Section 7.7 Amendment. This Agreement may be amended by the parties to this Agreement at any time prior to the
Effective Time, whether before or after stockholder approval hereof; provided,
however, that (a) no amendment that requires further stockholder approval under applicable
Laws after stockholder approval hereof will be made without such required further approval and (b)
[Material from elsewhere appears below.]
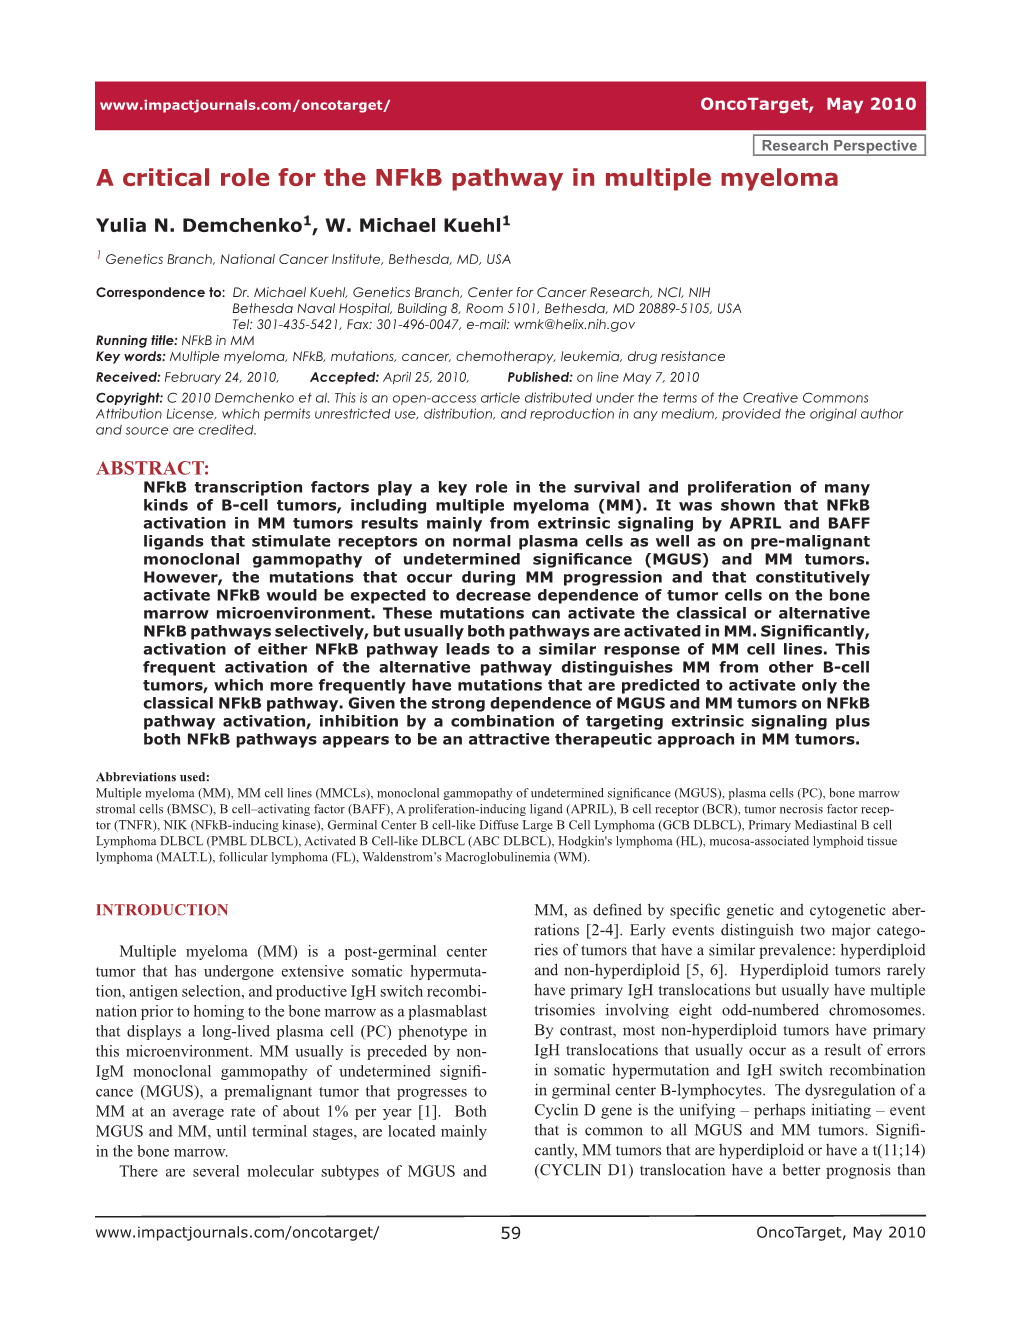 A Critical Role for the Nfkb Pathway in Multiple Myeloma

such amendment has been duly authorized or approved by each of Parent and the Company. This
Agreement may not be amended except by an instrument in writing signed by each of the parties to
this Agreement.
Section 7.8 Extension; Waiver. At any time prior to the Effective Time, Parent (for itself and Merger Sub), on the one
hand, and the Company, on the other hand, may (a) extend the time for the performance of any of the
obligations of the other party, (b) waive any inaccuracies in the representations and warranties of
the other party contained in this Agreement or in any document delivered under this Agreement, or
(c) unless prohibited by applicable Laws, waive compliance with any of the covenants or conditions
contained in this Agreement. Any agreement on the part of a party to any extension or waiver will
be valid only if set forth in an instrument in writing signed by such party. The failure of any
party to assert any of its rights under this Agreement or otherwise will not constitute a waiver of
such rights.
ARTICLE VIII
MISCELLANEOUS
MISCELLANEOUS
Section 8.1 Survival. None of the representations, warranties and covenants to be performed prior to the
Effective Time contained in this Agreement or in any instrument delivered under this Agreement will
survive the Effective Time; provided, however, that this Section 8.1 does
not limit any covenant of the parties to this Agreement, which, by its terms, contemplates
performance after the Effective Time. Without limiting the preceding sentence, the covenants and
agreements of the parties contained in Section 7.5 (and the Sections referred to therein)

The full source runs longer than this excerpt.